Thompson said that in 1998, La Rocca, who was general manager of RJR's
Latin American office in Miami, told him to curtail shipments because of the
increased numbers of seizures and negative media reports in Europe about tobacco smuggling.

"He (La Rocca) said it's important that we back off from the noise
that's happening in Western Europe," Thompson said. "Dick was very
clear to me: 'Do not totally stop selling to ... the ship chandlers. Reduce
the volume. Instead of giving them a load every week, give them a load once a month or so. Just to keep the distribution channels alive.' Dick said:
'I've got experience with that.' Dick worked in Spain, the Canaries.

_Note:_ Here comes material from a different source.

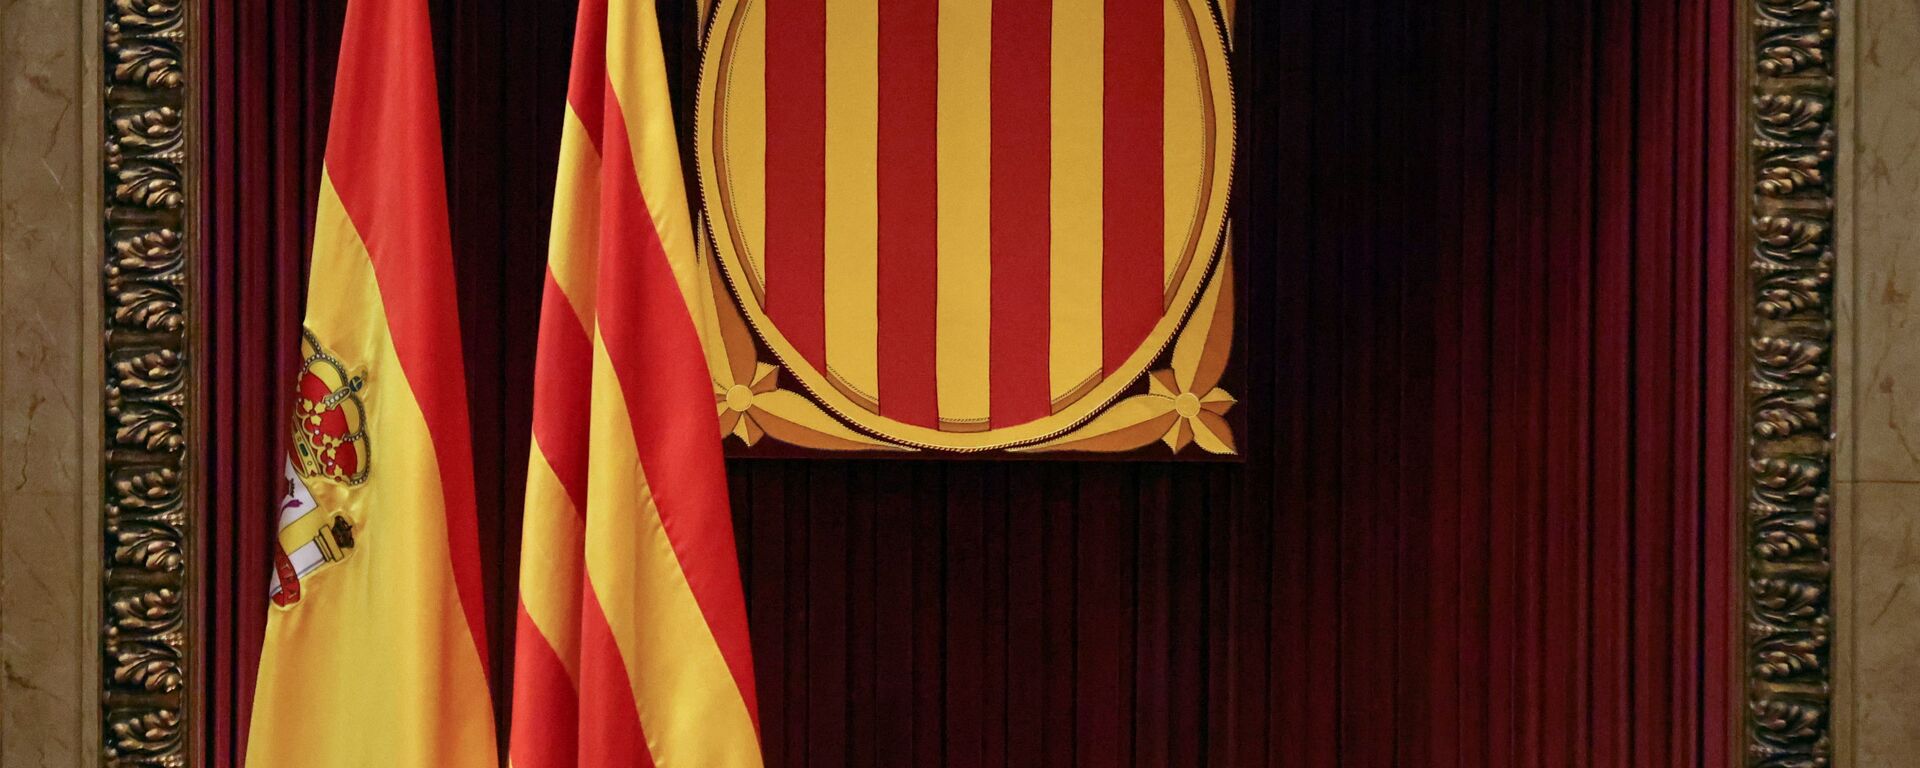 Banderas de España y Cataluña en el Parlamento catalán - Sputnik Mundo, 1920, 12.02.2021

He
was the general manager there."

Thompson said La Rocca once told him he knew Michael Haenggi, who bragged to the press in 1998 that he sold millions of RJR's Winstons to smugglers who smuggled them into Spain. Thompson said that La Rocca had been instructed to warn Haenggi that if he didn't "zip his lips," he would be cut off by RJR. "I understood from Dick that that statement was coming to him indirectly from (CEO of RJR Nabisco) Steven Goldstone," Thompson said.

A lawsuit filed last November by the European Union against R.J. Reynolds and Philip Morris alleges that RJR specifically recruited La Rocca because of his knowledge of the Spanish market. The lawsuit says RJR urged La Rocca to help set up a network "by which RJR cigarettes ... were smuggled into the European Community and, more particularly, into Spain."

La Rocca has been working for Japan Tobacco, Inc., since it bought RJR's
international operations in March 1999. He remains general manager of the
company's Latin American operations and works out of the same Miami office.
Contacted by telephone at his Miami office, La Rocca hung up as soon as a
reporter mentioned he was researching a story on tobacco smuggling.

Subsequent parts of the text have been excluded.